すべての渡る鳥たちを

三月ぬー

第一章

第1話 夢の来し方

■ハルディラント・メイ・アトフラスト・エス・イスキュリア(8)


 そっと図書室の扉を押し開けると、友人が既に待っていた。

 同い年の黒髪の少年、シイレイン。難しい書物だらけの図書室で、大人用の大きな卓と大きな椅子の間に挟まるように静かに座っている。


 母の里帰りで一緒についてきたこの国で、母はそのまま病で亡くなってしまった。
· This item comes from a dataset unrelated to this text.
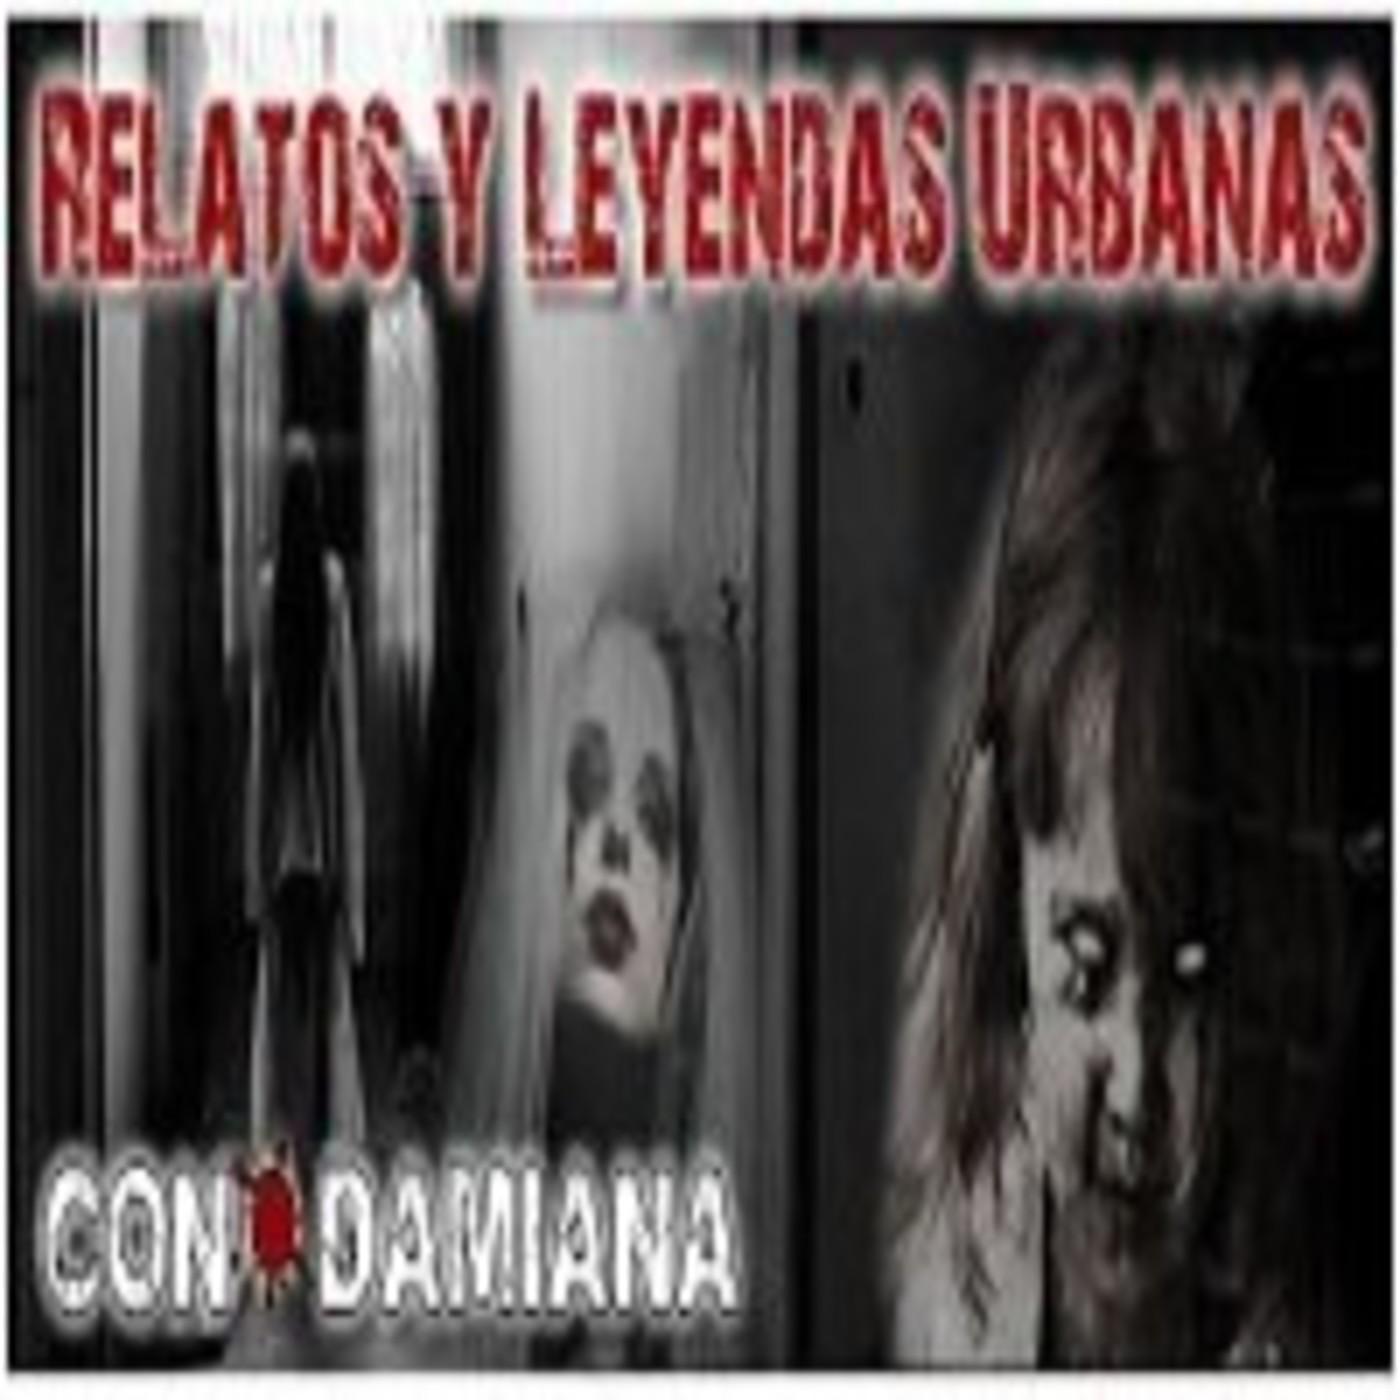 Relatos Y Leyendas Urbanas Segundo Programa (Damiana,Dorian, Ruben) La Cripta.
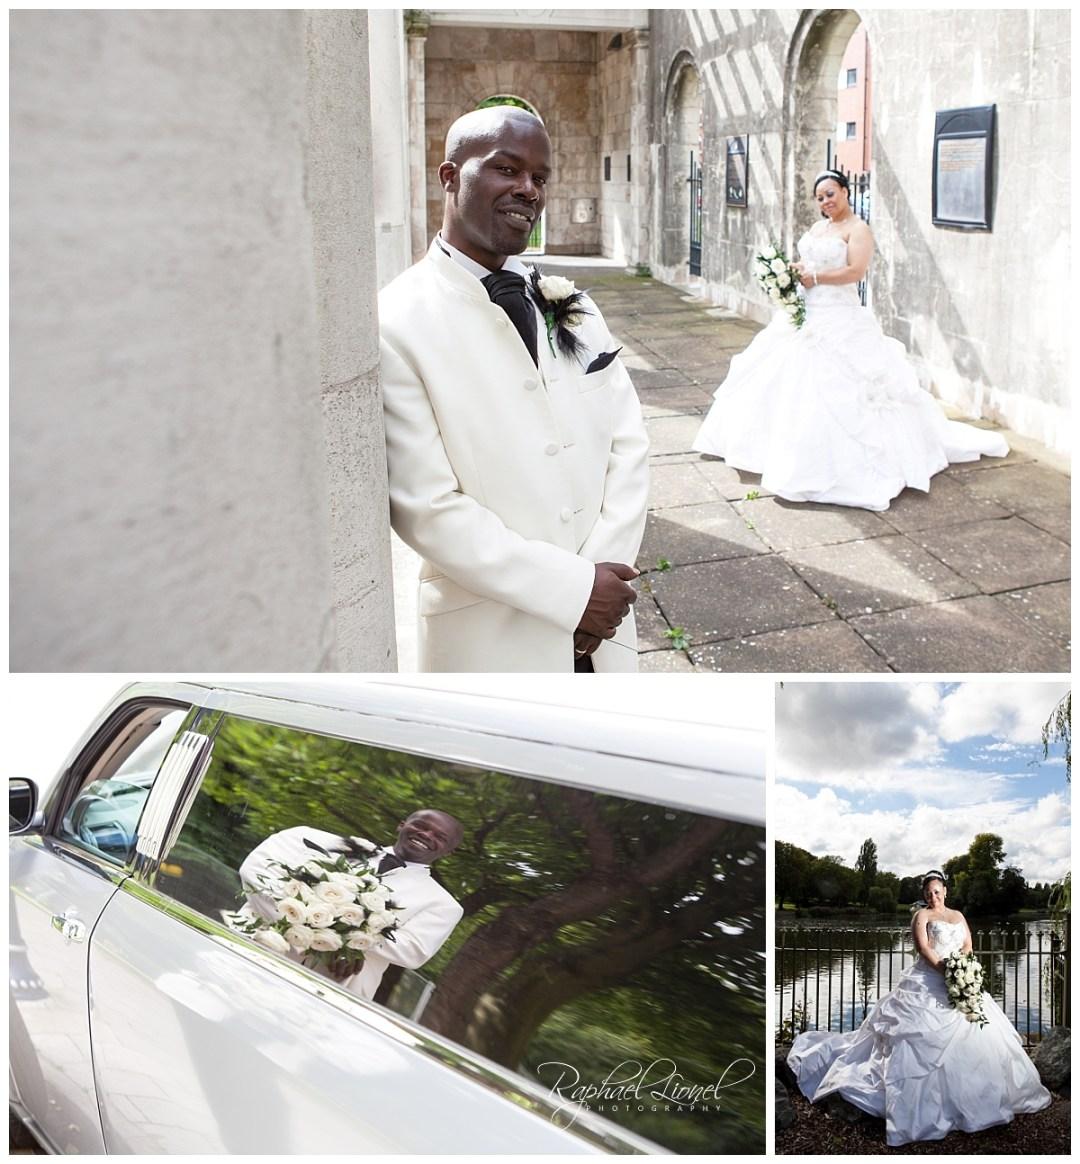 2018 04 08 0013 - City Wedding Birmingham | Dauntley and Simone

以来、ずっと帰れずにいる。そんなひとりぼっちの世界で、初めてできた友達だった。その友人が小姓となり居館に住み込むようになってから、毎日一緒にいられてハルディラントは嬉しかった。勉強も共にするようになったが、シイレインは必ず先に来て座っている。早起きは苦手だって言っていたくせに。少しくやしい。けれど、それ以上に待っていてくれることが嬉しかった。


「おはようございます」


 律儀に立ち上がって挨拶してくれる。歩み寄りながら、おはよ、といつも通り挨拶を返したつもりだったが、ほんのわずか声がかすれる。やだな、とハルディラントは思う。調子が悪いのがばれる。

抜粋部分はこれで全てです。